Reaction Kinetics — Rate Laws, Orders & Arrhenius

Reaction kinetics is the study of reaction speed. It explains how fast reactants turn into products, how concentration changes the rate, and why higher temperature often makes a reaction go faster.

For many reactions, the experimentally determined rate law is written as

$$rate = k[A]^m[B]^n$$

Here, $k$ is the rate constant, $[A]$ and $[B]$ are concentrations, and $m$ and $n$ are the reaction orders. The overall order is $m+n$.

The quickest way to read this is: the exponents tell you how strongly rate responds to concentration, while the Arrhenius equation helps explain why $k$ usually increases when temperature increases.

What A Rate Law Means

A rate law connects reaction rate to concentration for a specific reaction under a specific set of conditions. If a reaction is first order in $A$, doubling $[A]$ doubles the rate. If it is second order in $A$, doubling $[A]$ makes the rate four times larger.

This is different from stoichiometry. Stoichiometry tells you how much reacts. Kinetics tells you how fast it reacts.
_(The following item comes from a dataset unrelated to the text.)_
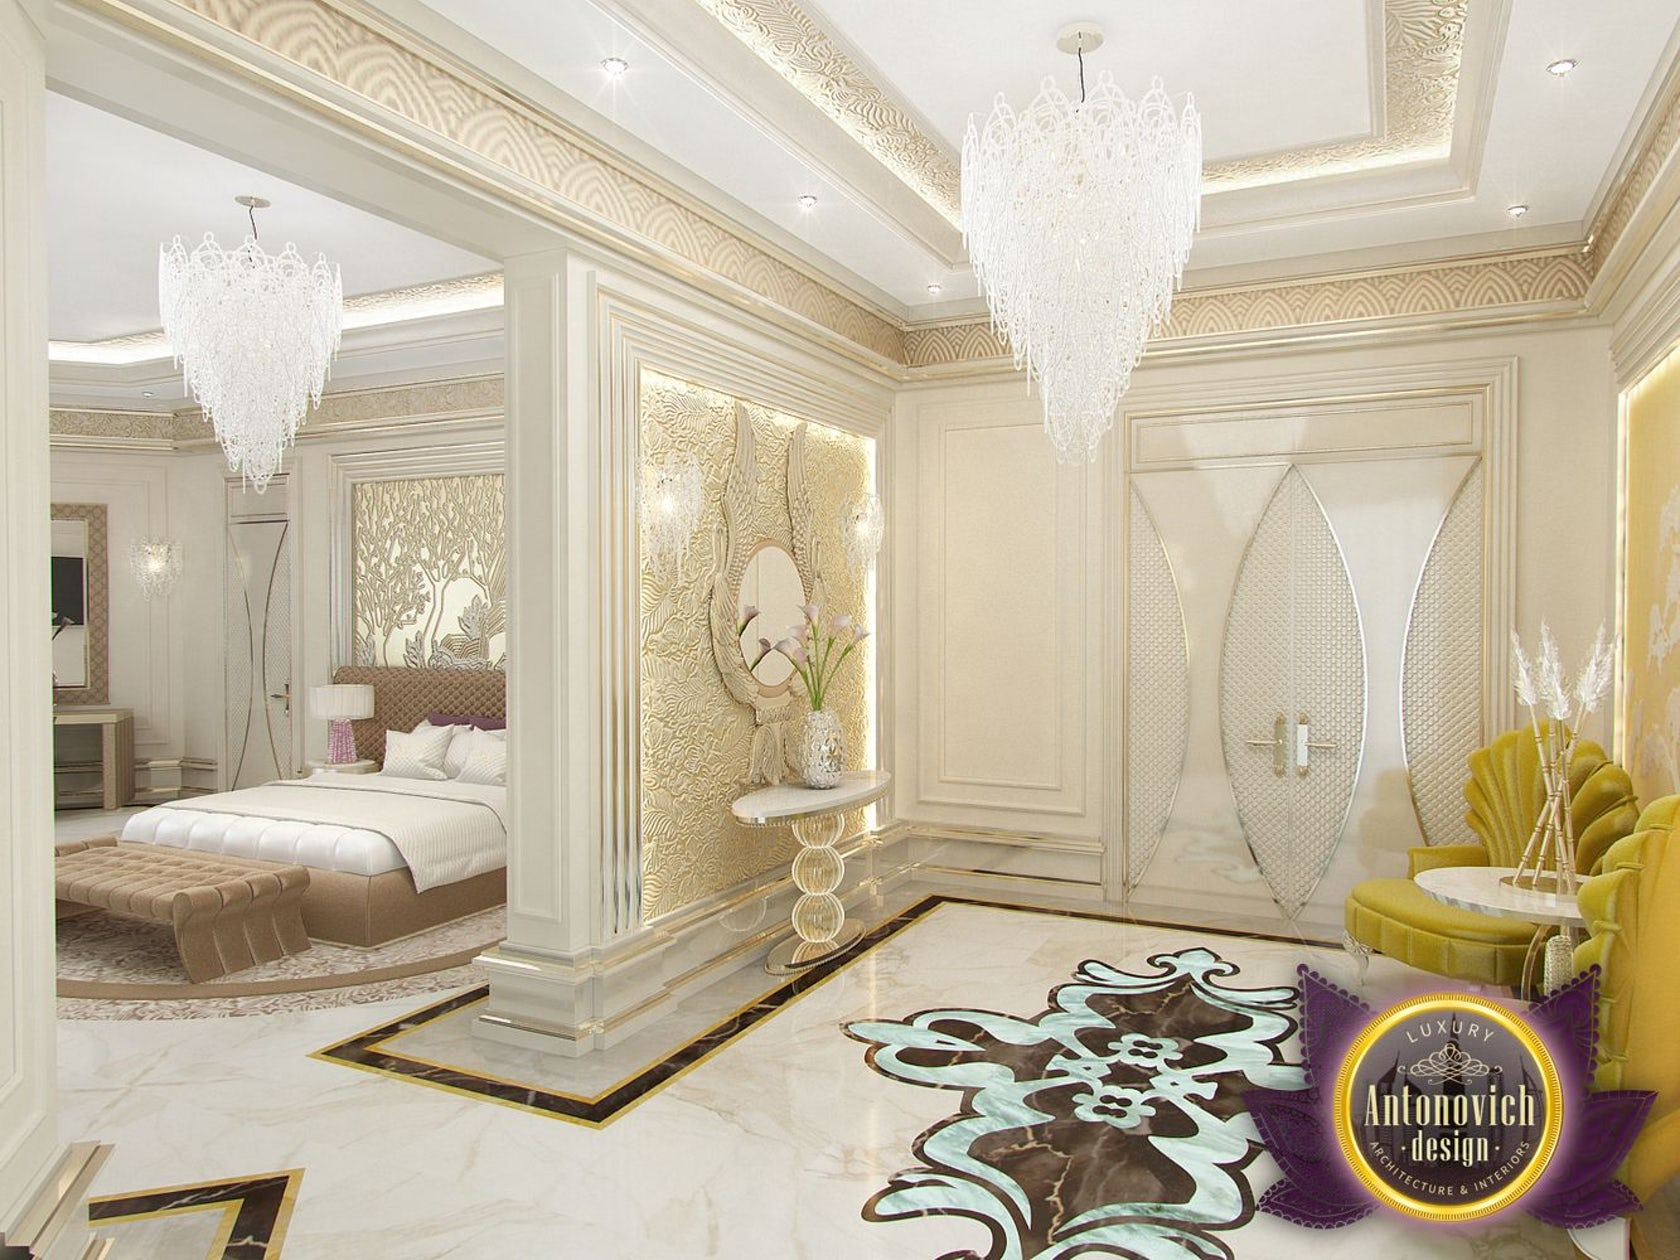 Modern bedroom designs by luxury antonovich design on architizer

Do not assume the exponents in the rate law from the balanced equation unless you are explicitly dealing with an elementary step. For an overall reaction, the orders are usually determined from experiment.

Reaction Order In Plain Language

Reaction order tells you how sensitive the rate is to concentration.

• Zero order in $A$: changing $[A]$ does not change the rate in that range.
• First order in $A$: the rate is proportional to $[A]$.
• Second order in $A$: the rate is proportional to $[A]^2$.

Orders do not have to match coefficients in the overall equation, and they are not always whole numbers in more complicated mechanisms. For most beginner problems, though, zero, first, and second order are the main cases to recognize quickly.

Worked Example: Predicting The Rate Change

Suppose experiments show that

$$rate = k[A]^2[B]$$

Compare two experiments run at the same temperature.

In experiment 1, $[A] = 0.10$ and $[B] = 0.20$.

In experiment 2, $[A]$ is doubled to $0.20$ while $[B]$ stays the same.

Because the rate is proportional to $[A]^2$, doubling $[A]$ changes the rate by

$$2^2 = 4$$

So experiment 2 has a rate four times as large.

If instead you kept $[A]$ fixed and doubled $[B]$, the rate would only double because $[B]$ appears to the first power.

That is the core skill in rate-law questions: change one concentration at a time, read its exponent, and convert that exponent into a rate factor.

How The Arrhenius Equation Explains Temperature

Temperature affects rate mainly through the rate constant $k$. A standard model is

$$k = A e^{-E_a/(RT)}$$

Here:

• $A$ is the pre-exponential factor
• $E_a$ is the activation energy
• $R$ is the gas constant
• $T$ is the absolute temperature in kelvin

The main idea is more useful than memorizing the formula. When temperature rises, a larger fraction of collisions has enough energy to get over the activation barrier, so $k$ usually increases.

If $E_a$ is larger, the reaction is generally more sensitive to temperature. If a catalyst provides a different pathway with a lower activation energy, the reaction can become faster at the same temperature.

Rate Constant vs Reaction Order

Students often mix these up because both appear in the same equation.

The reaction order comes from the exponents in the rate law, so it tells you how rate changes with concentration. The rate constant $k$ is the proportionality constant for that law under a given set of conditions.

If temperature changes, $k$ often changes. The order usually does not change just because temperature changed slightly, although a different mechanism or concentration range can make the effective behavior more complicated.

Common Mistakes In Reaction Kinetics

Taking Orders From The Balanced Equation

That shortcut is not reliable for an overall reaction. Use experimental data unless the problem says the step is elementary.

Forgetting That Arrhenius Uses Kelvin

In the Arrhenius equation, temperature must be absolute temperature. Using Celsius directly gives the wrong relationship.

Confusing Fast Reaction With Large Equilibrium Yield

A fast reaction reaches its outcome quickly. That does not mean it makes more product at equilibrium. Rate and equilibrium answer different questions.

Treating Catalysts As If They Change Stoichiometry

A catalyst changes the pathway and often changes the rate, but it does not change the overall balanced reaction.

Where Reaction Kinetics Is Used

Reaction kinetics matters in industrial chemistry, combustion, atmospheric chemistry, enzyme studies, corrosion, battery science, and drug stability. In each case, the practical question is the same: how quickly does the system change under real conditions?

Outside the lab, the same idea helps explain shelf life, temperature effects, and why some reactions need a catalyst to happen on a useful timescale.

Try A Similar Problem

Take the rate law $rate = k[A][B]^2$. First predict what happens if $[A]$ doubles. Then predict what happens if $[B]$ doubles. If that feels clear, try one more case where $[B]$ is cut in half.